What version are you using, and if you are using 1.13+, are you using the adaptive scheduler or reactive mode?

On 20/10/2021 07:39, Clemens Valiente wrote:
Hi Chesnay,
thanks a lot for the clarification.
We managed to resolve the collision, and isolated a problem to the metrics themselves.

Using the REST API at /jobs/<job_id>/metrics?get=uptime
the response is [{"id":"uptime","value":"-1"}]
despite the job running and processing data for 5 days at that point. All task,taskmanager, and jobmanager related metrics seem fine, only the job metrics are incorrect. Basically all of these do not have correct metrics:
[{"id":"numberOfFailedCheckpoints"},{"id":"lastCheckpointSize"},{"id":"lastCheckpointExternalPath"},{"id":"totalNumberOfCheckpoints"},{"id":"lastCheckpointRestoreTimestamp"},{"id":"uptime"},{"id":"restartingTime"},{"id":"numberOfInProgressCheckpoints"},{"id":"downtime"},{"id":"numberOfCompletedCheckpoints"},{"id":"lastCheckpointProcessedData"},{"id":"fullRestarts"},{"id":"lastCheckpointDuration"},{"id":"lastCheckpointPersistedData"}]
Looking at the Gauge the only way it can return -1 is when isTerminalState() is true which I don't think can be the case in a running application.
Do you know where we can check on what went wrong?

Best Regards
Clemens


On Thu, Oct 14, 2021 at 8:55 PM Chesnay Schepler <ches...@apache.org> wrote:

    I think you are misunderstanding a few things.

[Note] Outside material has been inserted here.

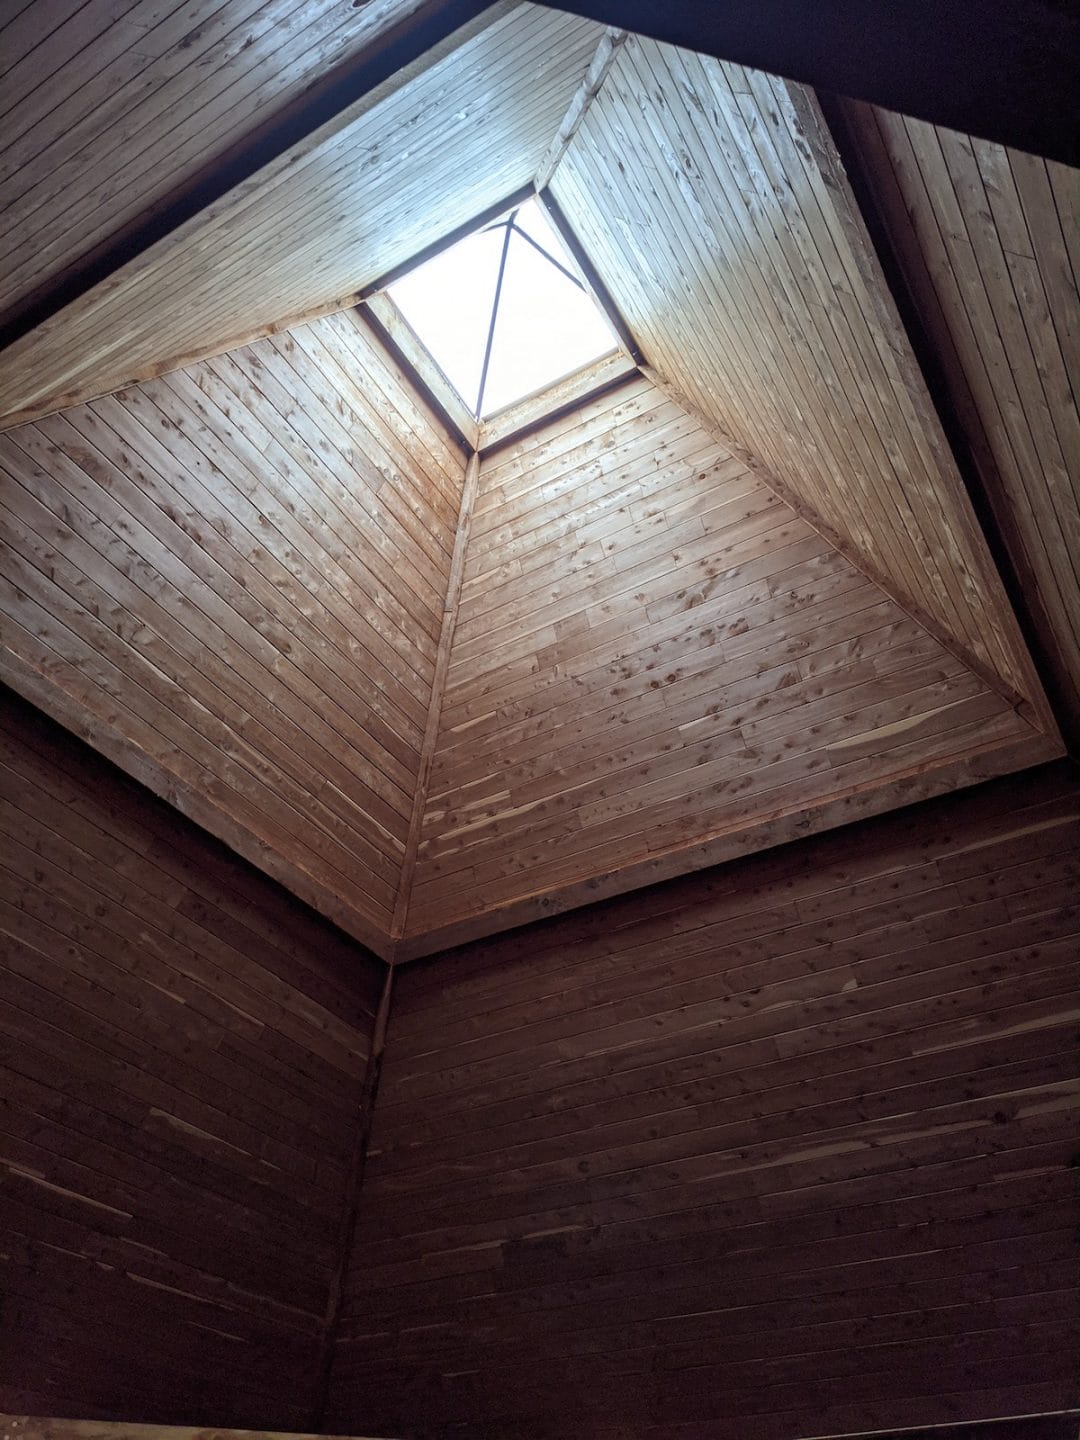 interior view of a pyramid shaped skylight at the peak of a vaulted wooden ceiling
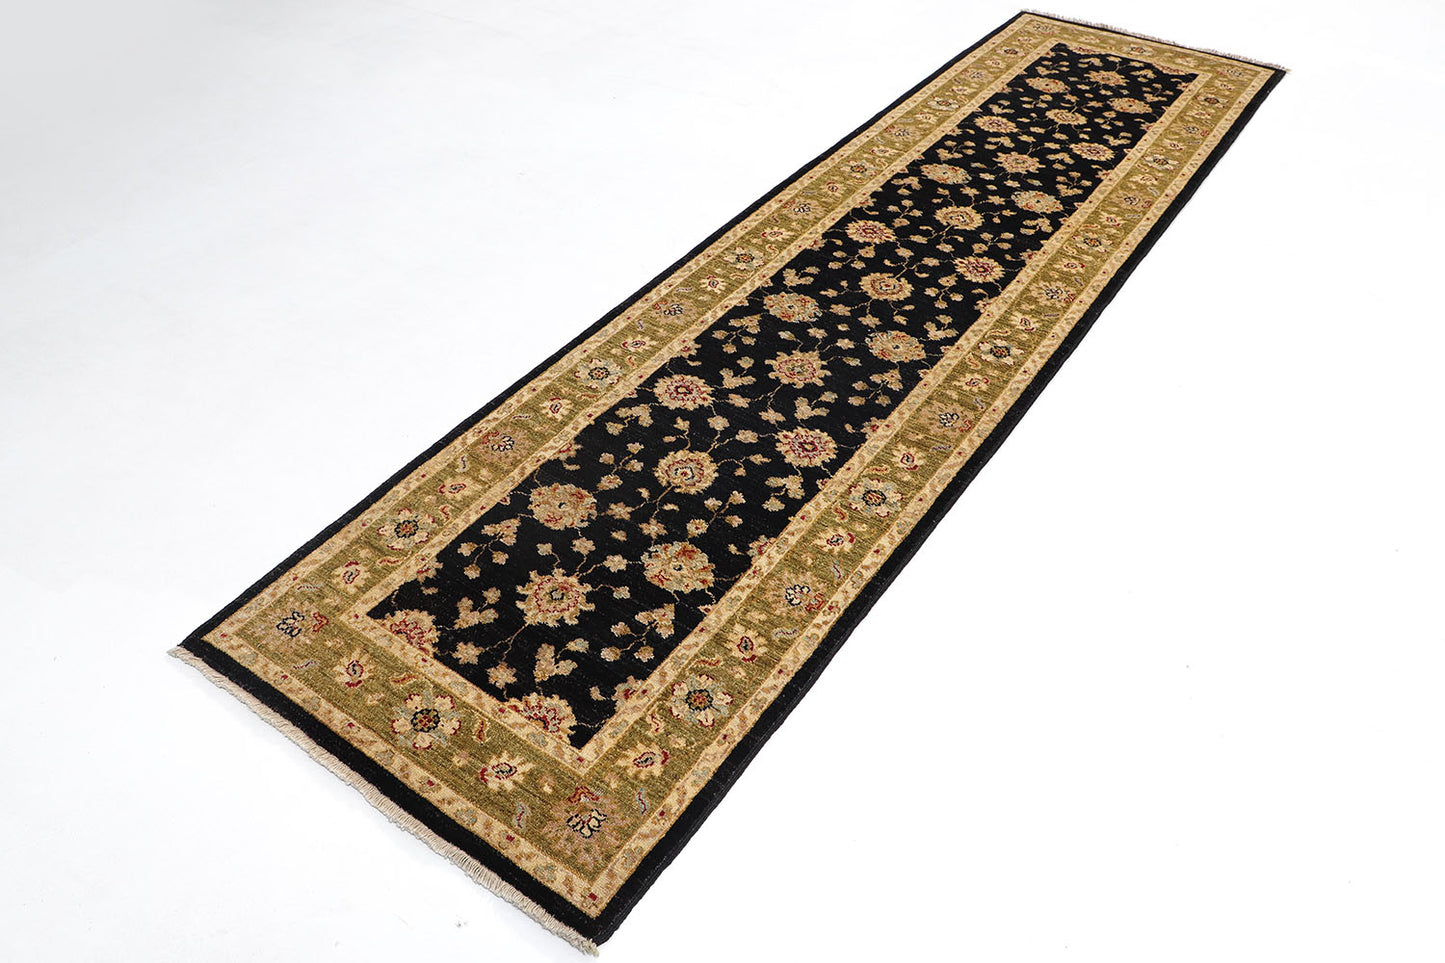 2.5x10 Hand-Knotted Ariana Carpet 2'.9" X 10'.1" Traditional, Black Fine Wool Runner Rug D40673

    a) when you include a variable in the scope format, then Flink
    fills that in /before/ it reaches Datadog. If you set it to
    "flink.<job_name>", then what we send to Datadog is
    "flink.myAwesomeJob".
    b) the exception you see is not coming from Datadog. They occur
    because, based on the configured scope formats, metrics from
    different jobs running in the same JobManager resolve to the same
    name (the standby jobmanger is irrelevant). Flink rejects these
    metrics, because if were to send these out you'd get funny results
    in Datadog because all jobs would try to report the same metric.

    In short, you need to include the job id or job name in the
    metrics.scope.jm.job scope formats.

    On 13/10/2021 06:39, Clemens Valiente wrote:
    Hi,

    we are using datadog as our metrics reporter as documented here:
    
https://ci.apache.org/projects/flink/flink-docs-master/docs/deployment/metric_reporters/#datadog

    our jobmanager scope is
    metrics.scope.jm <http://metrics.scope.jm>: flink.jobmanager
        metrics.scope.jm.job: flink.jobmanager
    since datadog doesn't allow placeholder in metric names, we
    cannot include the <host> or <job_name> placeholder in the scope.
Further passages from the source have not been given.